> [DESCRIPTION OF THE TASK] Retype the lines below exactly, but only those from the line that has "Jornais japoneses repercutem" through the line that has "zephyr - sculpture by Jimmy Reynolds". Omit every picture.

> [MATERIALS PROVIDED]

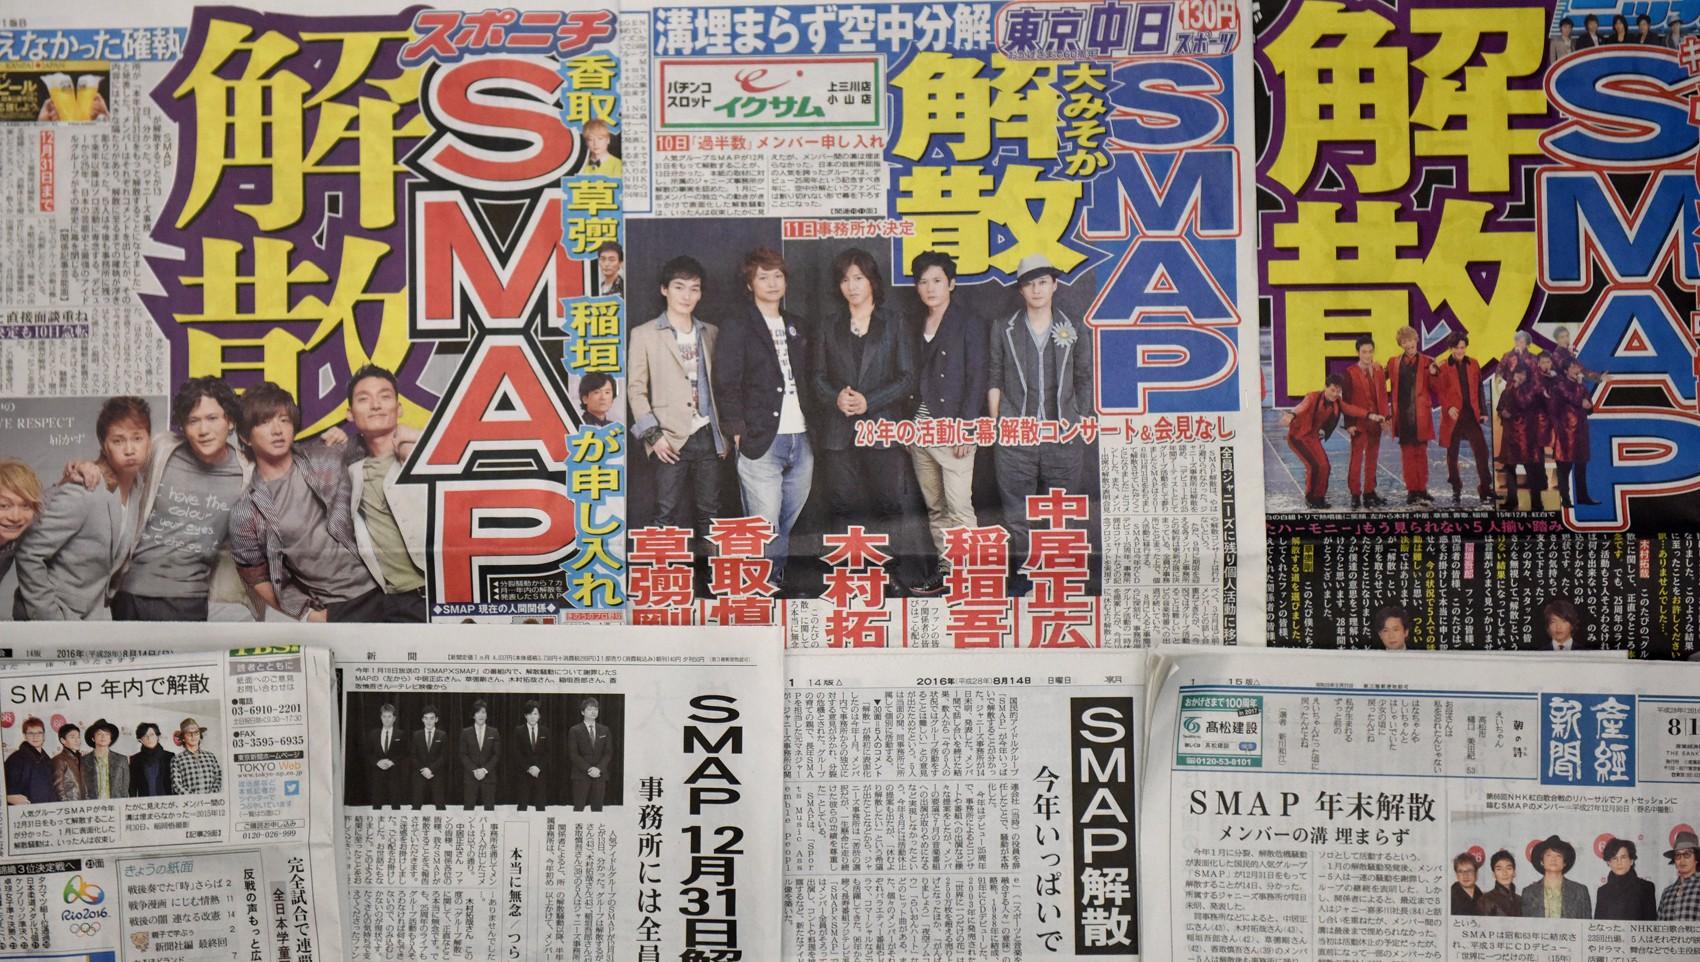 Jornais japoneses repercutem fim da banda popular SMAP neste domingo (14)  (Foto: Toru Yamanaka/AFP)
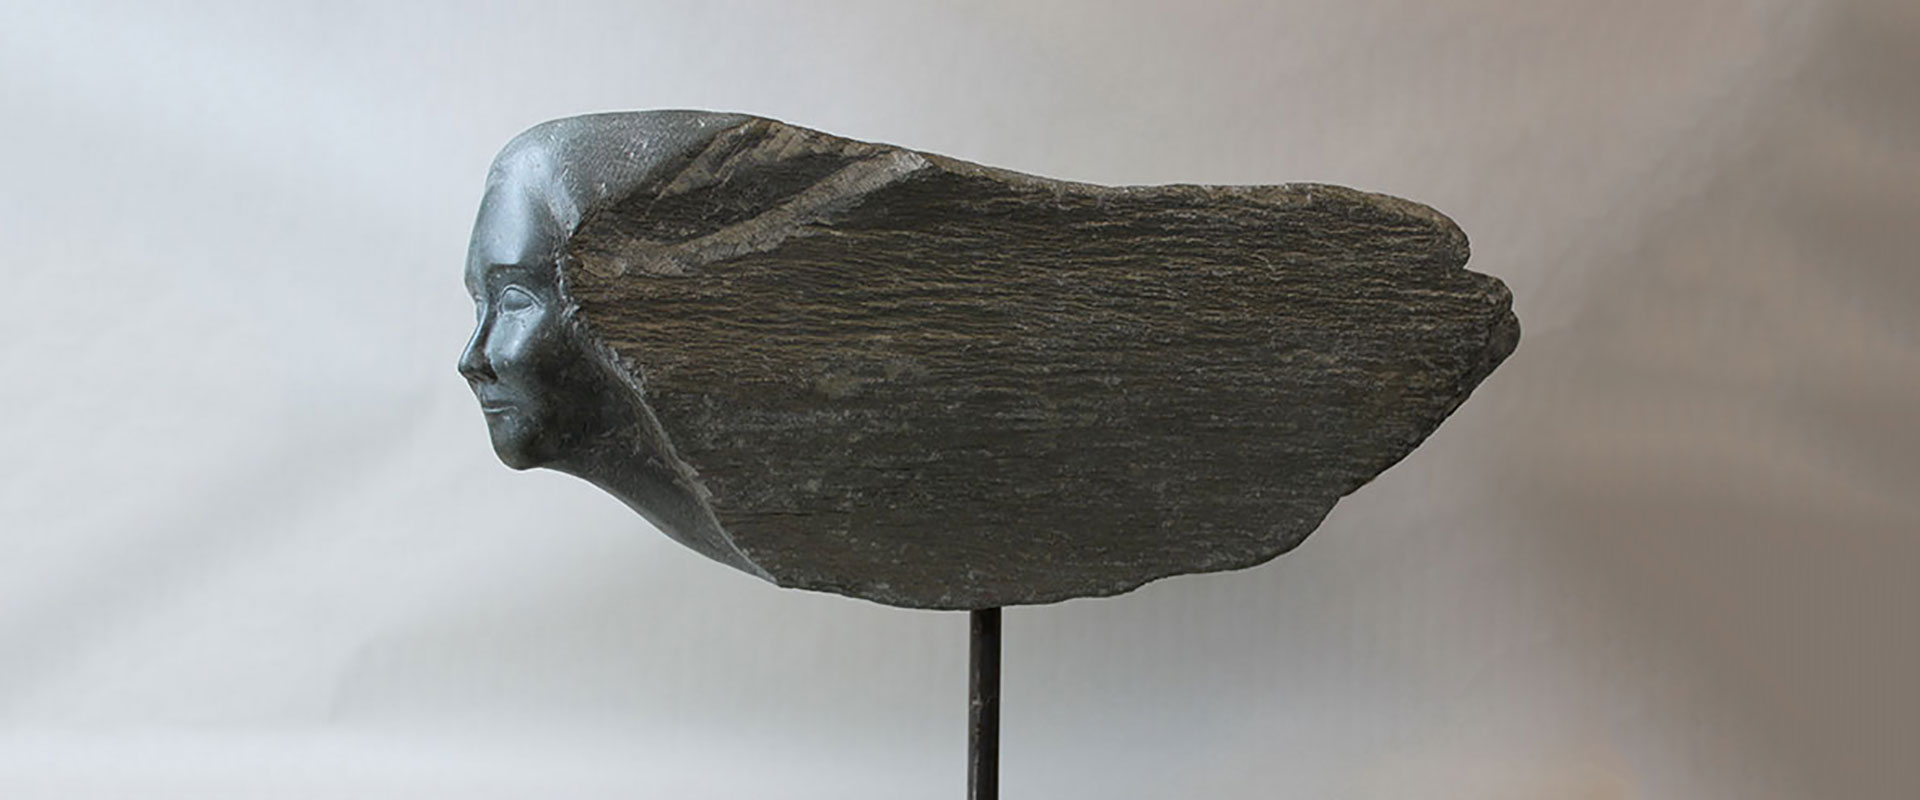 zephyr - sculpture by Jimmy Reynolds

* * *

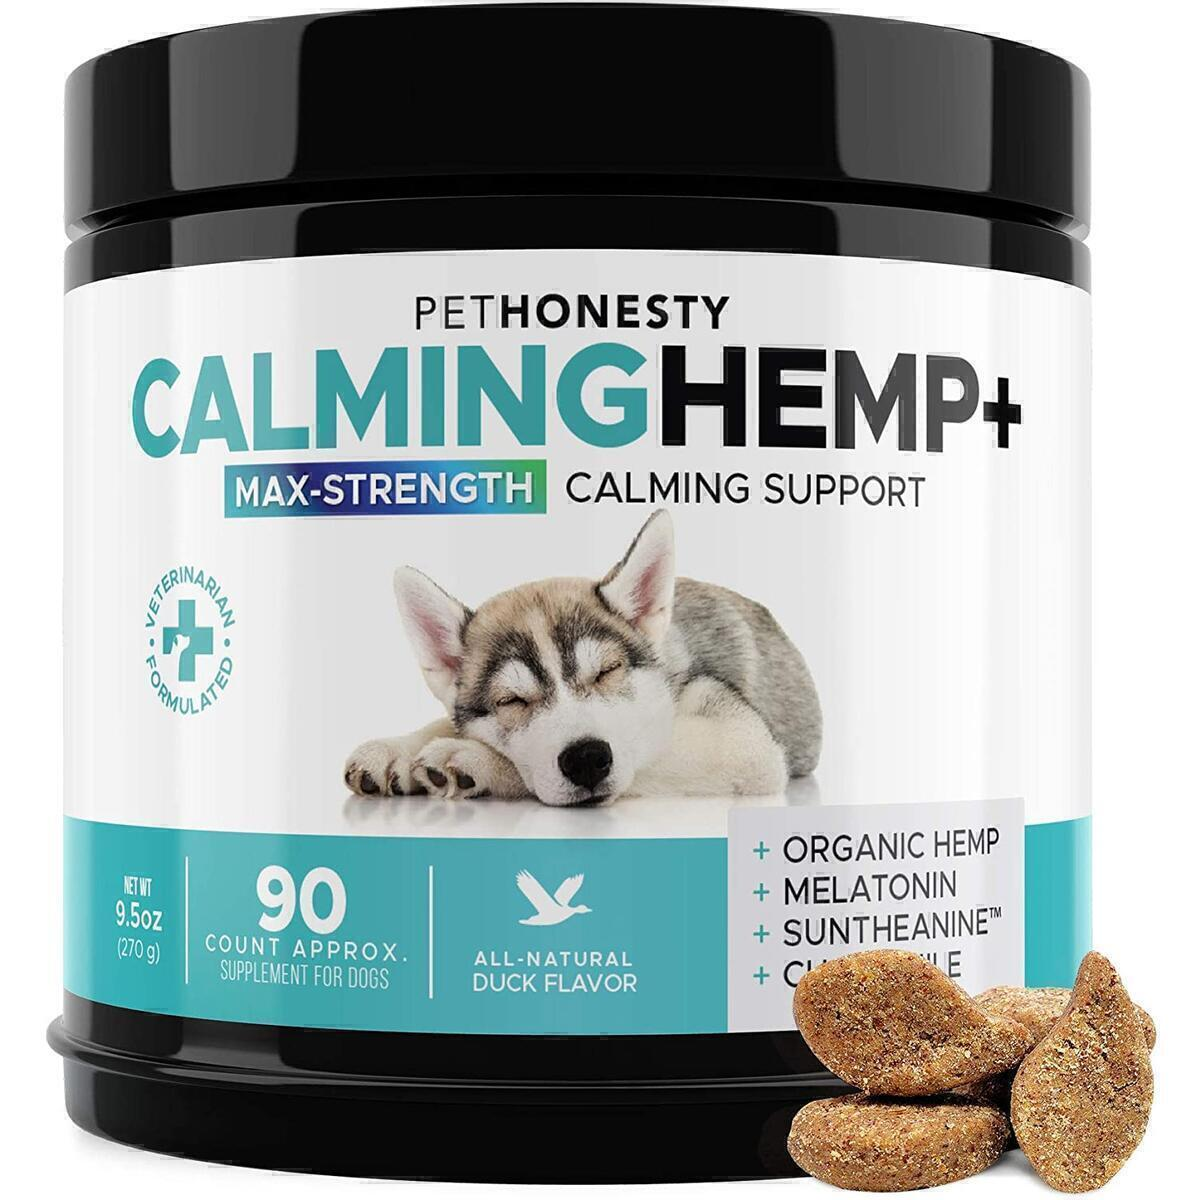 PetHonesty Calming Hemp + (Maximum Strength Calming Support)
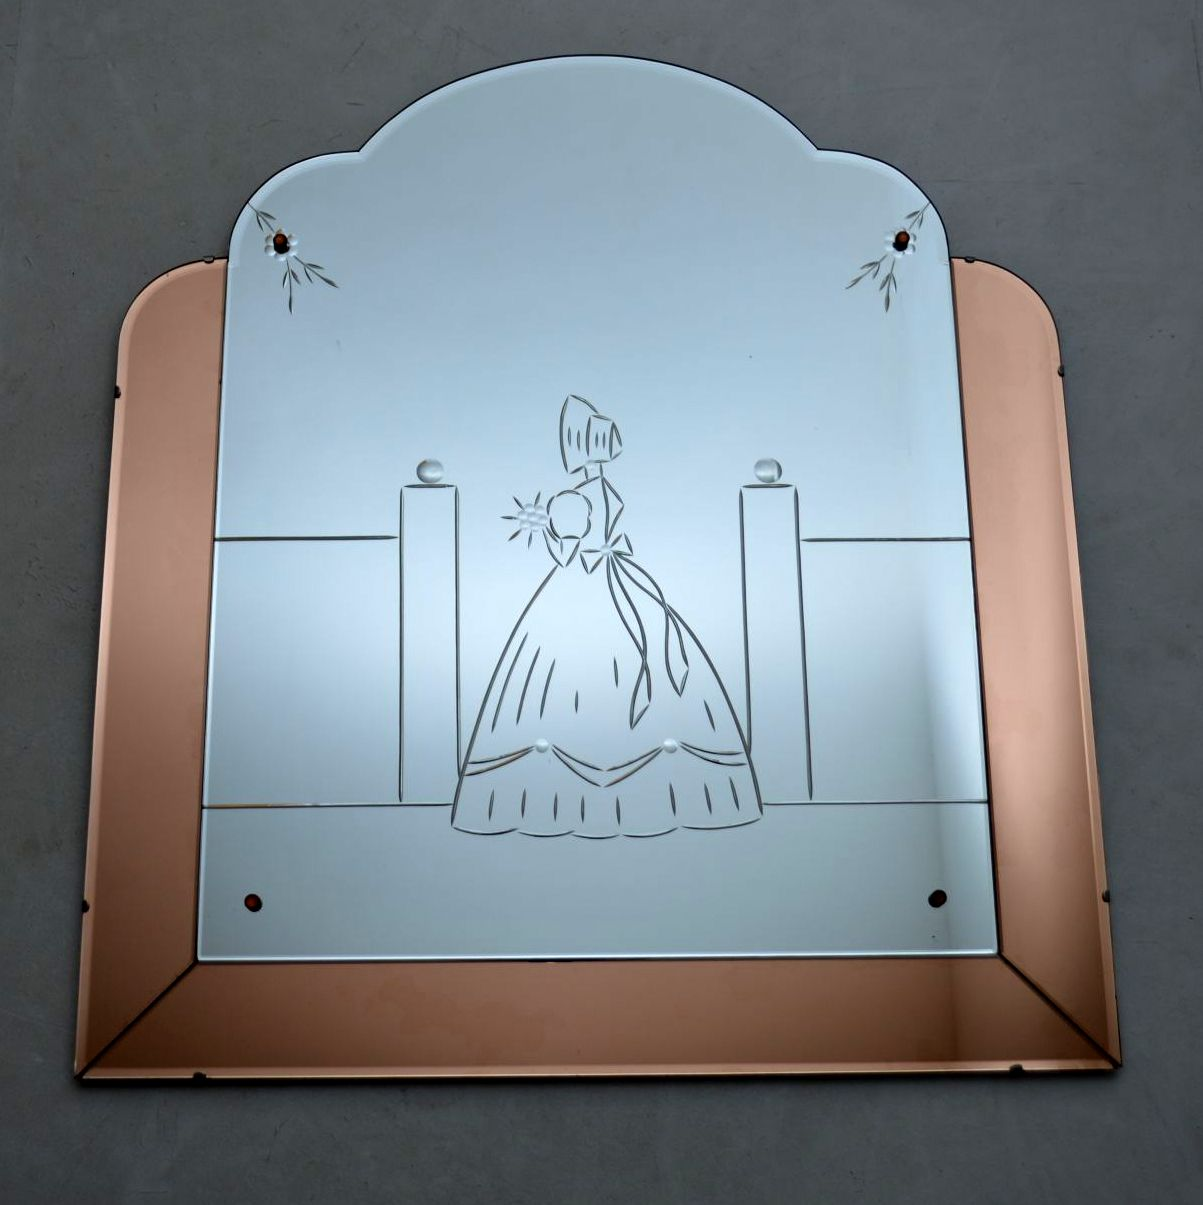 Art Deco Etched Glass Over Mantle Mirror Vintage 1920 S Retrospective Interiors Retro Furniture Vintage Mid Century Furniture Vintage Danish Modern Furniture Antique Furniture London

...

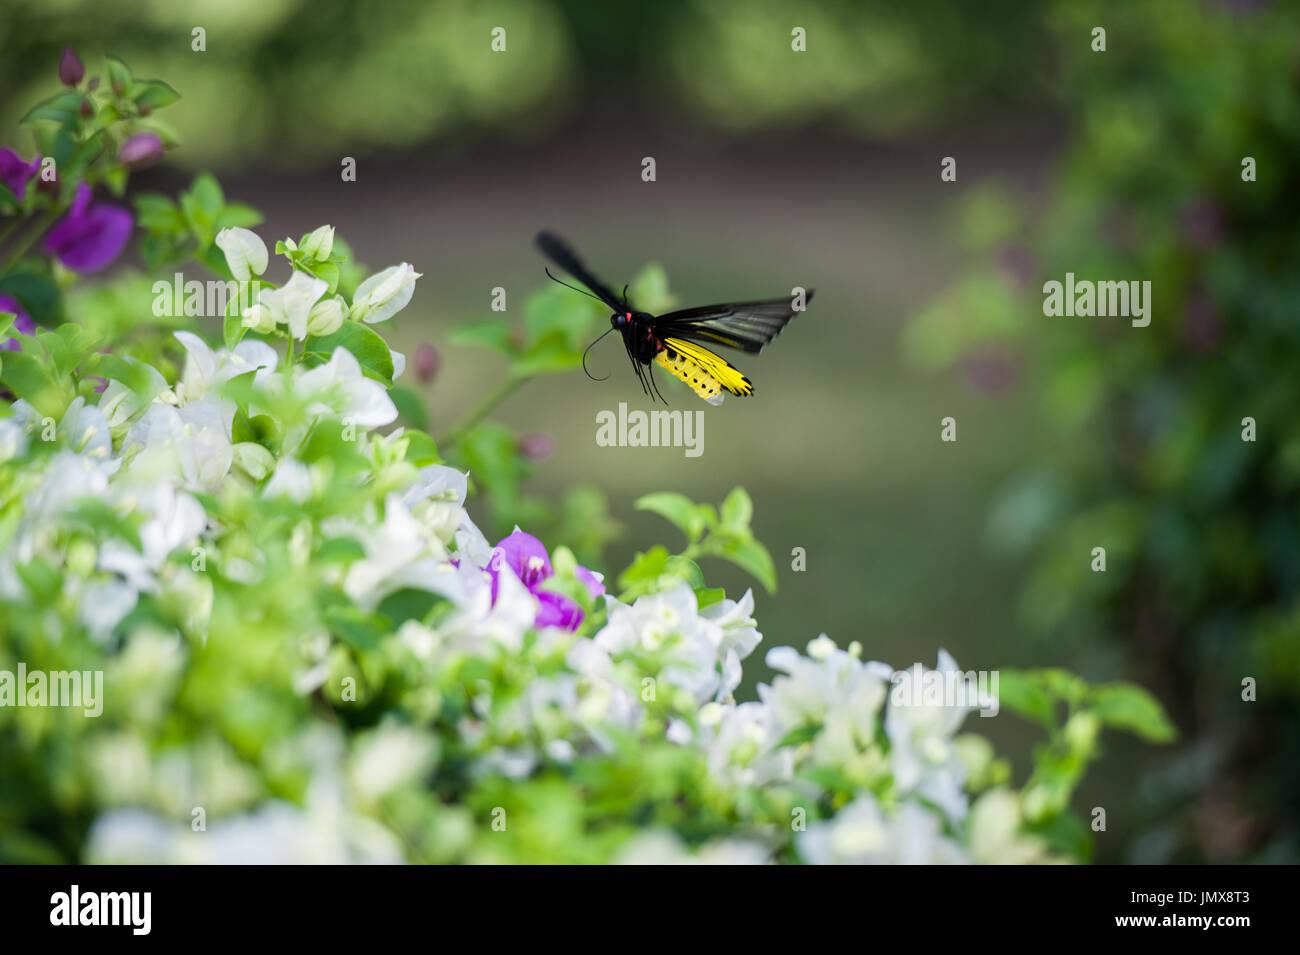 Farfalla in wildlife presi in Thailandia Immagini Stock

> [TASK RESULT]
 Jornais japoneses repercutem fim da banda popular SMAP neste domingo (14)  (Foto: Toru Yamanaka/AFP)
 zephyr - sculpture by Jimmy Reynolds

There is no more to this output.